Using the syndicalist tactic of industrial unionism, author Jane McAlevey describes organizing many different healthcare workplaces to bargain as one. Simply put, it is far more powerful to bargain as, say, 20 united workplaces than it is to bargain as a single unit. However, while a collective agreement or contract between employers and a union is in effect, striking is technically illegal (although some argue that there are no illegal strikes, only unsuccessful ones), and these contracts usually end at different times. This means that workers within a given industry cannot strike legally at the same time. This is not a coincidence but a central feature of what labour lawyer and author Joe Burns calls the “system of labour control.”

McAlevey addressed this by organizing with the next contract in mind to ensure that all healthcare union contracts expired at the same time. Two contracts later, when all Las Vegas healthcare workers could legally strike simultaneously, they won big, despite the fact that employers spent large amounts of money bringing in “union avoidance firms” to harass and intimidate workers.

The types of benefits that workers gain from such victories are not insignificant.
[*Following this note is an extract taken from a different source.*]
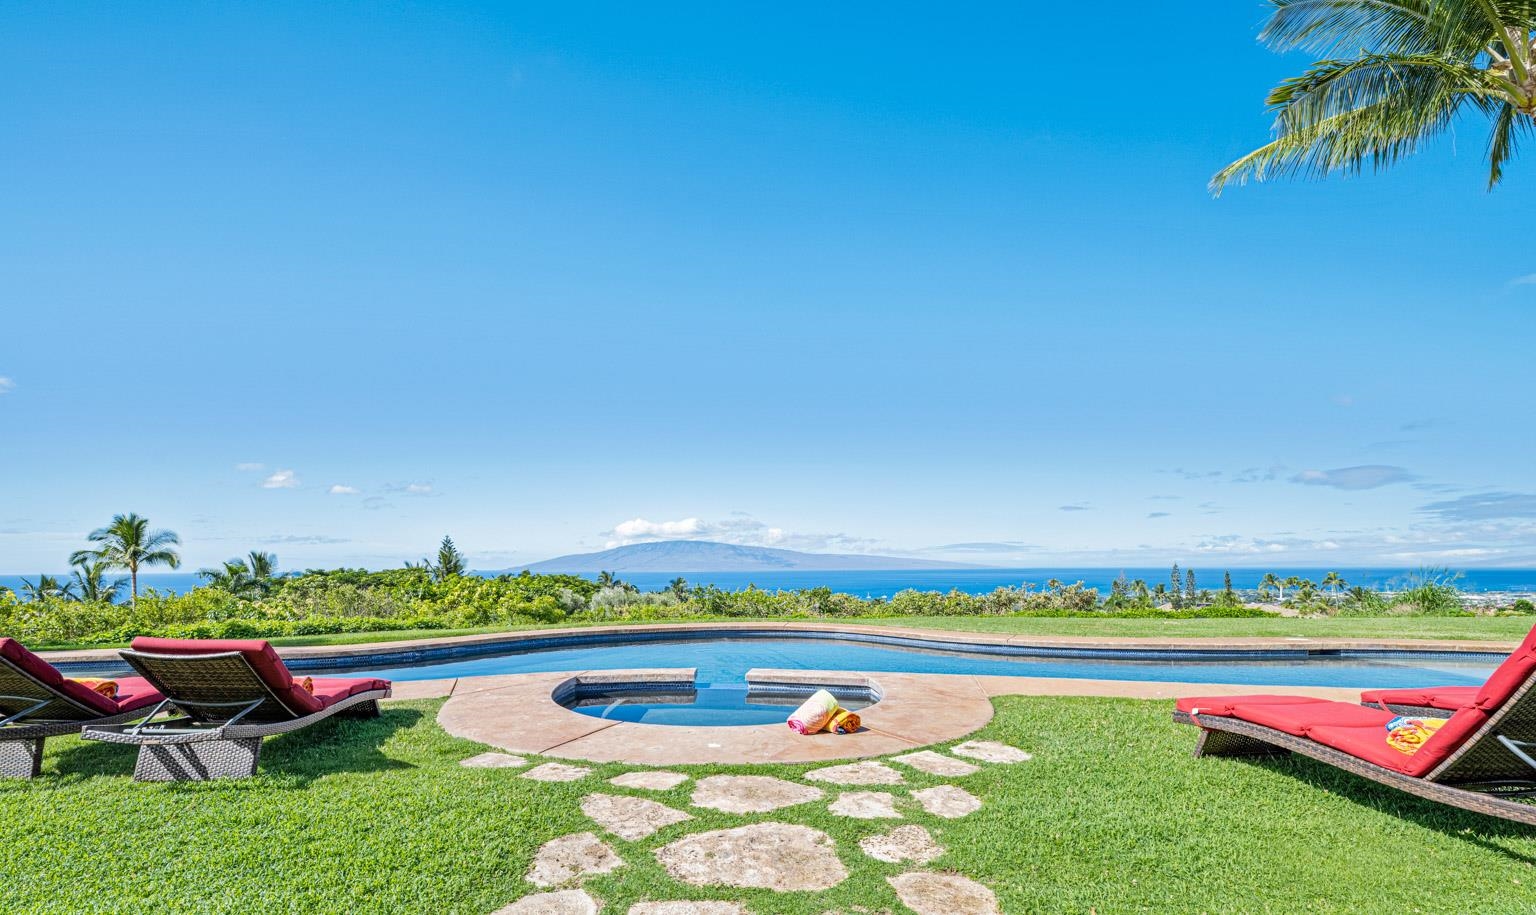 80 Lauawa  Place is a luxurious Maui estate located in Launiupoko. Sitting on 4.16-acres, the estate boasts spectacular views of Molokai, Lanai, and Kahoolawe. This elegant estate includes a 4-bedroom, 5.5-bathroom main villa, and a 1-bedroom, 1-bath detached cottage with its own pool and 2-car garage. In addition, a separate 2,000 Sq. Ft.  barn structure is home to two, 2-car garages providing ample space for cars and recreational equipment.    A Balinese-inspired design boasts a high-beam formal living room, a beautiful kitchen with granite countertops and cherry-wood cabinetry, crown moldings, and pocket sliding glass doors that retract, offering iconic indoor-outdoor Hawaiian-style living.    The perfectly designed outside living space boasts lavish relaxation areas, including the covered lanai with a fully equipped wet bar, a jetted spa, and a beach-style entry swimming pool. Imagine taking in breathtaking sunsets with panoramic views of the Pacific Ocean and the outer islands in the backdrop, enjoying a family barbecue or decompressing by the pool. Snuggle up with a novel under the covered lanai, or lose yourself in time just breathing in the calm ocean air and delighting in the melodic sound of palm trees blowing in the wind.  The grounds include a sustainable farm, with orchards of fresh Hawaiian fruits, including papaya, lilikoi (passion fruit), bananas, and citrus varietals. The air is perfumed by the sweet aroma of plumeria, night-blooming jasmine, and gardenia.  Location wise, the property is conveniently perched above Launiupoko Beach Park, where you can enjoy ocean activities and long days of Maui sunshine. In addition, Lahaina Town and its restaurants, shopping, and nightlife is a short five-minute drive from home.  Hosting spectacular 360-degree views, from the backdrop of the West Maui mountain range to the Pacific Ocean and the outer isles of Lanai, Molokai, and Kahoolawe, you will marvel at the magical Maui sunsets, night after night.   80 Lauawa Place is an exotic, elegant Hawaiian home. Contact us for more information on this stand-out property.  Motivated seller - this property is offered for less than you can build it for today!  80 Lau Awa Place is an exotic, elegant Hawaiian home.  Motivated seller - this property is offered for less than you can build it for today!  Main Home: https://my.matterport.com/show/?m=8Au3rEK3ACk&mls=1  Ohana Tour: https://my.matterport.com/show/?m=dQ32WUyWyKH&mls=1

McAlevey quotes a healthcare worker in her most recent book who describes: “I got a fifteen-thousand-dollar raise in the first year alone. It’s so interesting now, those in charge actually listen to us, which they never did before.”

May Day, 1936. The end of the General Strike was not the end of the labour movement in Winnipeg. Image courtesy the City of Winnipeg Archives Photograph Collection (OP5 File 24).

“The whole bakehouse”

Strikes remain the most powerful tool available to regular people under capitalism, and the general strike is the most powerful kind of strike. Demonstrating the significant amount of education that is required in advance of such an action, American anarchist and political philosopher Murray Bookchin wrote that “the revolution of 1936 marked the culmination of more than sixty years of anarchist agitation and activity in Spain.”

Indeed, as Brown describes, “every strike is a training period, a skirmish before the social general strike.” This means that even though those working towards general strikes or some form of utopia may never see them come to pass, they can still commit themselves to the work with the knowledge that the potential exists for them at each step of the way to enjoy taking part in incremental victories.

Even if it takes a half century or more, it is better to begin today than tomorrow in working towards the point at which the working class “shall demand, not the half-loaf which is said to be better than no bread, but the whole bakehouse.”